What you should do - Transcribe the data exactly, stopping after the "crema-vitro-vegana-eco" line.

Extracted data entries -
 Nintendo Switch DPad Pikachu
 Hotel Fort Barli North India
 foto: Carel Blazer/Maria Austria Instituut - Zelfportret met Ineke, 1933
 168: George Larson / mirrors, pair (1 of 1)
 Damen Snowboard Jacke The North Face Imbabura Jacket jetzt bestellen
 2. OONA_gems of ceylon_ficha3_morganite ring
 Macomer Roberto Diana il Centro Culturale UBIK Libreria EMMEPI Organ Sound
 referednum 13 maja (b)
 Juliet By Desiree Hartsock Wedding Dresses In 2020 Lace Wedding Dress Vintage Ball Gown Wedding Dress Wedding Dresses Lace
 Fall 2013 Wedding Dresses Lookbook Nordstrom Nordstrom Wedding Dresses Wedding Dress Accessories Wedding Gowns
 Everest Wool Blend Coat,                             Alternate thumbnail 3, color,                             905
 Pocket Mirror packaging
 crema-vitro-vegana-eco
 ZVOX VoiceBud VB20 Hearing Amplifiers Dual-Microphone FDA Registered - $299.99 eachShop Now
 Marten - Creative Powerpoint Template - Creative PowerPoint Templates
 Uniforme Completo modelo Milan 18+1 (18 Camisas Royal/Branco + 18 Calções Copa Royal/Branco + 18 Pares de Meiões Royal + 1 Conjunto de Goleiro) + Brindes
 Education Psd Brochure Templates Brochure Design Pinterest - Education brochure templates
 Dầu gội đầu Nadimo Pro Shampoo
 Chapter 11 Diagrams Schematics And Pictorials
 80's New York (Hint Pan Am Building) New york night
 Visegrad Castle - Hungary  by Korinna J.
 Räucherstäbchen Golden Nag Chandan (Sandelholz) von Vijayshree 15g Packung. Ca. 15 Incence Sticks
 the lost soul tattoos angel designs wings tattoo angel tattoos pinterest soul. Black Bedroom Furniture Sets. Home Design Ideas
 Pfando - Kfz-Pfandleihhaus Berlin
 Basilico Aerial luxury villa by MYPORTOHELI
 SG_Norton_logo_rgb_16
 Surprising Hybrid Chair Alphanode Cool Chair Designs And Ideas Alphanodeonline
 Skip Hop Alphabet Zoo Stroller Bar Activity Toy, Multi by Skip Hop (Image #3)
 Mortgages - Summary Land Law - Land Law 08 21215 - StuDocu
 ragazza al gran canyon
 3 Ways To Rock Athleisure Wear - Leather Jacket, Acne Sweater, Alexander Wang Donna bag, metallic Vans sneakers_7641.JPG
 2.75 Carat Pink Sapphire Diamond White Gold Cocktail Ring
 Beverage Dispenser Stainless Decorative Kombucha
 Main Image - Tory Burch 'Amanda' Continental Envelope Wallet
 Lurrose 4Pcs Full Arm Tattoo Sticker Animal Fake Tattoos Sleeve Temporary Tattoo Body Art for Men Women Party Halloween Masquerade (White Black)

Answer space -
 Nintendo Switch DPad Pikachu
 Hotel Fort Barli North India
 foto: Carel Blazer/Maria Austria Instituut - Zelfportret met Ineke, 1933
 168: George Larson / mirrors, pair (1 of 1)
 Damen Snowboard Jacke The North Face Imbabura Jacket jetzt bestellen
 2. OONA_gems of ceylon_ficha3_morganite ring
 Macomer Roberto Diana il Centro Culturale UBIK Libreria EMMEPI Organ Sound
 referednum 13 maja (b)
 Juliet By Desiree Hartsock Wedding Dresses In 2020 Lace Wedding Dress Vintage Ball Gown Wedding Dress Wedding Dresses Lace
 Fall 2013 Wedding Dresses Lookbook Nordstrom Nordstrom Wedding Dresses Wedding Dress Accessories Wedding Gowns
 Everest Wool Blend Coat,                             Alternate thumbnail 3, color,                             905
 Pocket Mirror packaging
 crema-vitro-vegana-eco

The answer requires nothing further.